Reprezentacja Polski przegrała na Stadionie Energa w Gdańsku z Meksykiem 0:1 (0:1). Polaków pogrążył przedniej urody gol zdobyty przez Raula Jimeneza w 13. minucie spotkania.
Polacy w znacznie odmienionym składzie, bez swoich podstawowych ogniw, przegrali z reprezentacją Meksyku. Oznacza to, że drużyna Adama Nawałki po raz pierwszy od 3,5 roku zaliczyła dwa mecze z rzędu bez strzelonej bramki. Ostatni raz miało to miejsce wiosną 2014 roku. Wówczas przegraliśmy ze Szkocją 0:1 i zremisowaliśmy z Niemcami 0:0. Co ciekawe, wtedy również zabrakło Roberta Lewandowskiego.
Z punktu widzenia Nawałki, jest to druga okazja tej jesieni, aby dokonać przeglądu rezerw. Przed kilkoma dniami, w spotkaniu z Urugwajem, zagraliśmy w podobnym ustawieniu. Wówczas wypadło to całkiem nieźle. Teraz jednak okazało się to niewystarczające. Drużynie zebranej głównie z piłkarzy, których selekcjoner chce sprawdzić, by zdecydować kogo zabierze do Rosji, brakowało głównie przysłowiowego „pazura”. Kadra była bezzębna.
Nawet jeśli całkiem nieźle wychodziło nam kreowanie akcji (starał się Zieliński, aktywni byli Makuszewski i Rybus), to brakowało piłkarza, który to wszystko potrafiłby wykończyć. Ewidentnie brakowało Arka Milika i Roberta Lewandowskiego. Z kolei Meksykanie, w momencie gdy tylko podarowaliśmy im okazję, strzelili jak się okazało- zwycięskiego gola. W 13. minucie piłkę stracił Tomasz Kędziora, ruszył Javier Aquino. Całą sytuację próbował ratować Thiago Cionek, który mimo dobrych chęci, bardzo feralnie wybił piłkę. Futbolówka odbiła się od kolegi z boiska i spadła wprost pod nogi Raula Jimeneza. Cionek pewnie nie zdążył nawet mrugnąć, a Szczęsny już wyciągał piłkę z siatki.

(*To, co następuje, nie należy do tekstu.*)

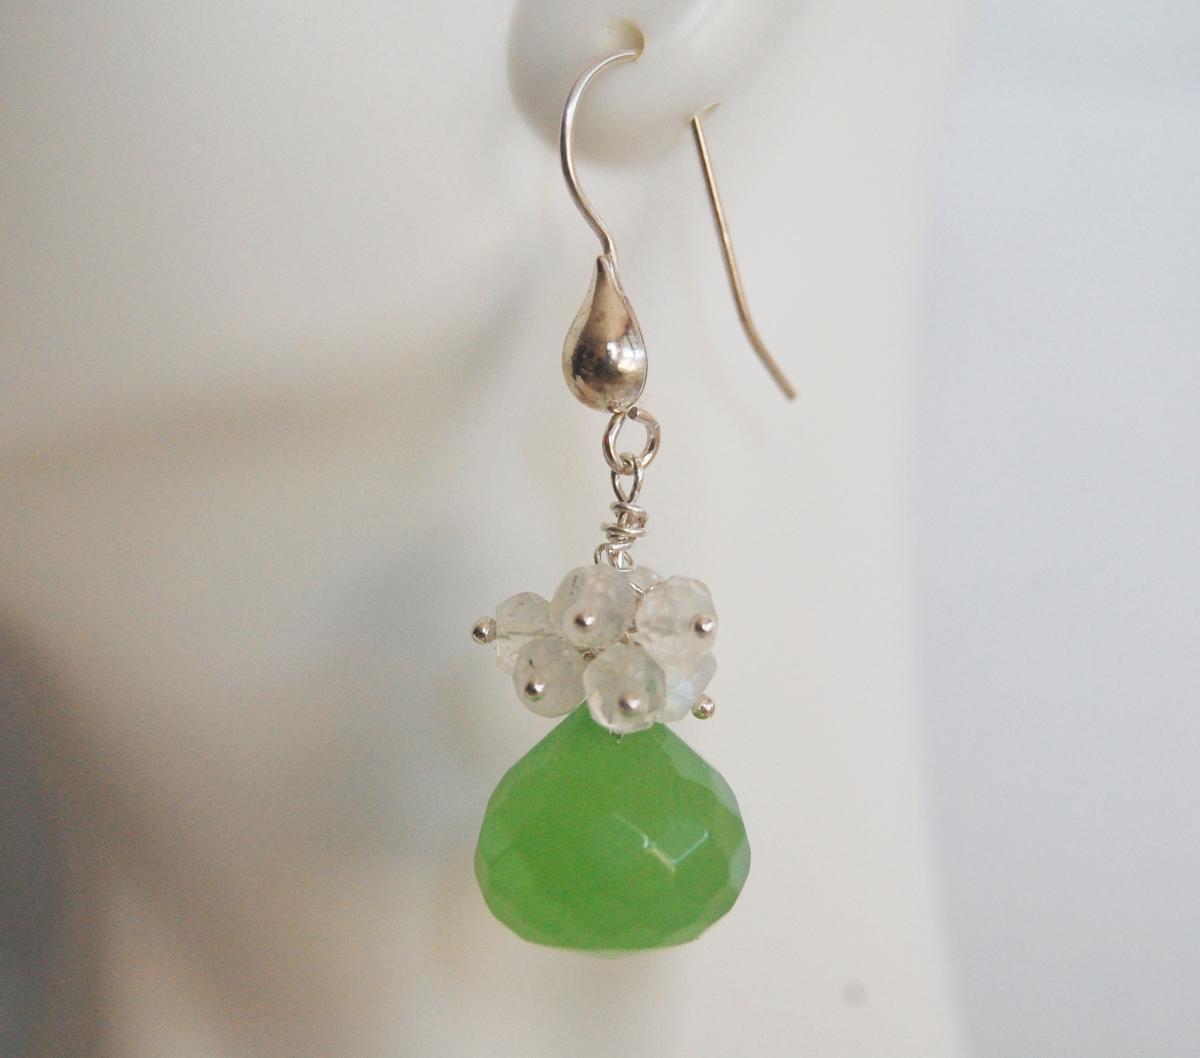 Gemstone Cluster Dangle Earrings - Aaa Green Quartz And Moonstone Cluster Dangle Earrings
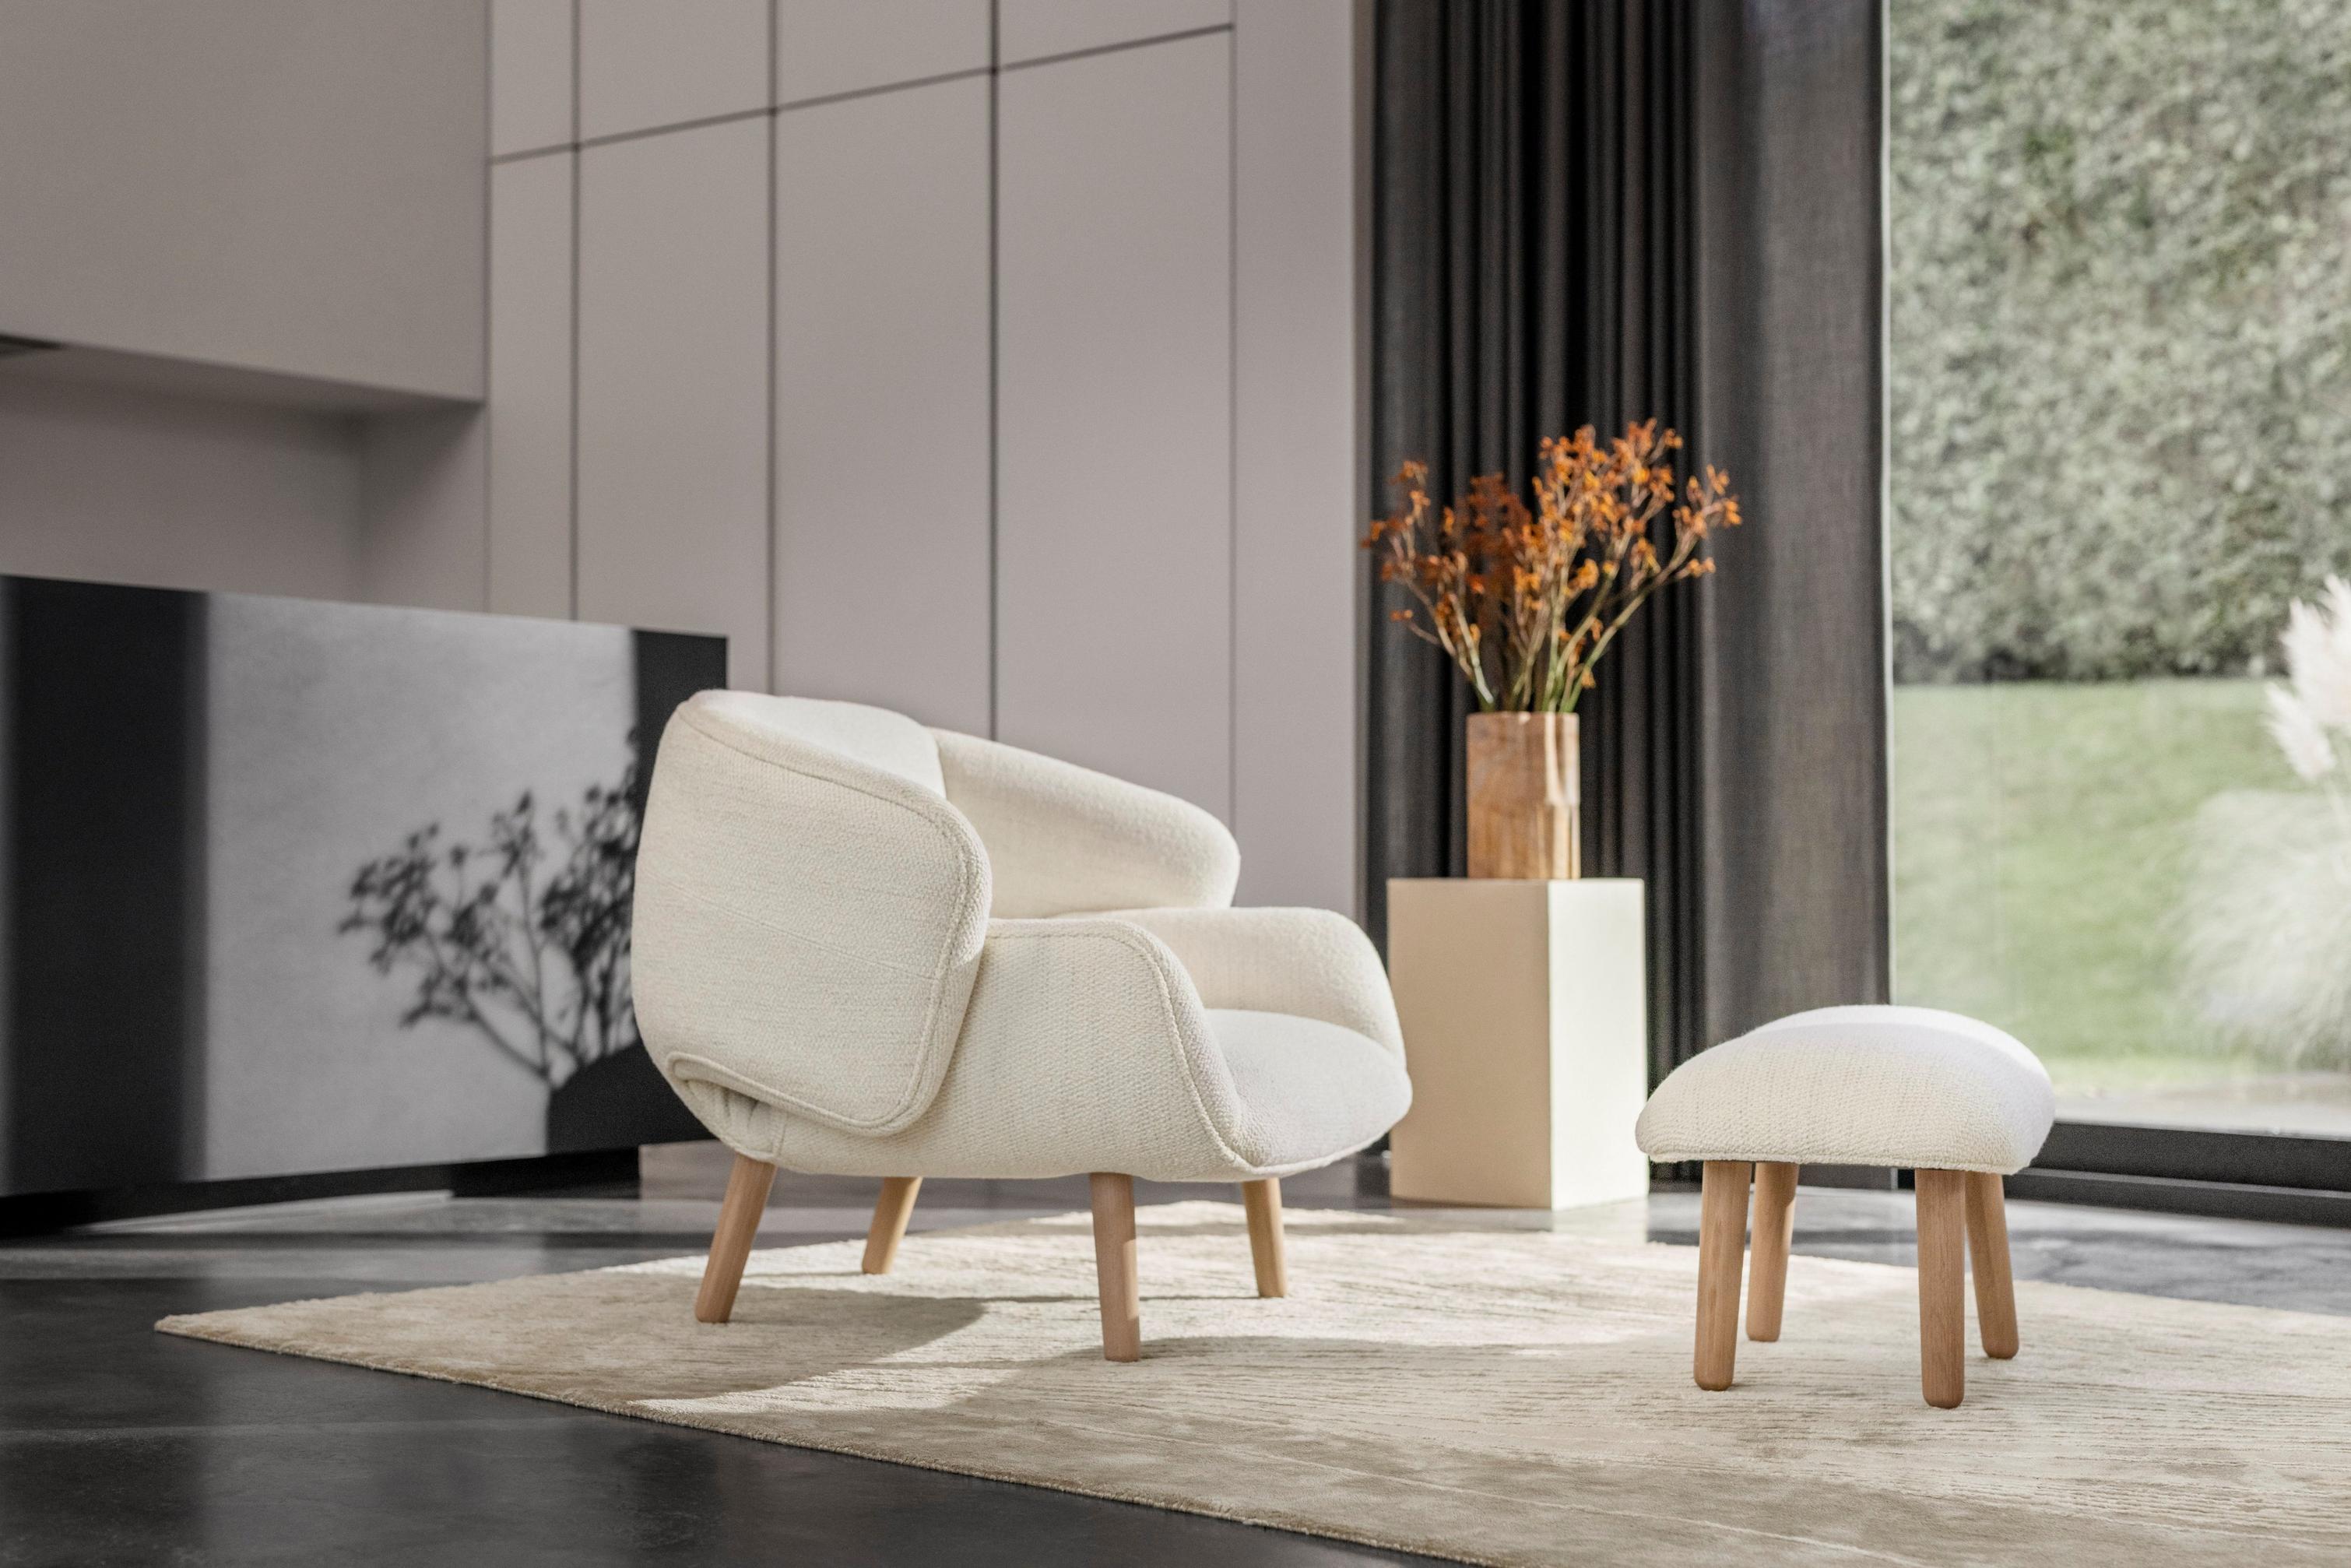 Lichte woonkamer met de Fusion stoel in witte Lazio stof en bijpassende voetenbank.

Przez cały mecz, mimo kilku obiecujących akcji, nie udało się doprowadzić do wyrównania. Polacy nie zdołali pokonać Jose Corony i zeszli z boiska pokonani.
Polska – Meksyk 0:1 (0:1)
Bramka: Raul Jimenez (12).
Polska: Wojciech Szczęsny – Artur Jędrzejczyk (46. Paweł Wszołek), Thiago Cionek, Jarosław Jach – Tomasz Kędziora, Krzysztof Mączyński, Karol Linetty (62. Rafał Wolski), Maciej Rybus (83. Rafał Kurzawa) – Piotr Zieliński, Jakub Świerczok (70. Mariusz Stępiński), Maciej Makuszewski (76. Jakub Błaszczykowski).
Meksyk: Jose Corona – Miguel Layun, Carlos Salcedo (46. Nestor Araujo), Hugo Ayala (46. Cesar Montes), Hector Moreno (62. Carlos Vela), Jesus Gallardo – Jonathan dos Santos (74. Omar Govea), Diego Reyes, Andres Guardado – Javier Aquino (46. Hirving Lozano), Raul Jimenez (46. Oribe Peralta).
Sędziował: Oliver Drachta (Austria).
Widzów: 32 736.
📌KONIEC📌
W drugiej połowie wynik się nie zmienił.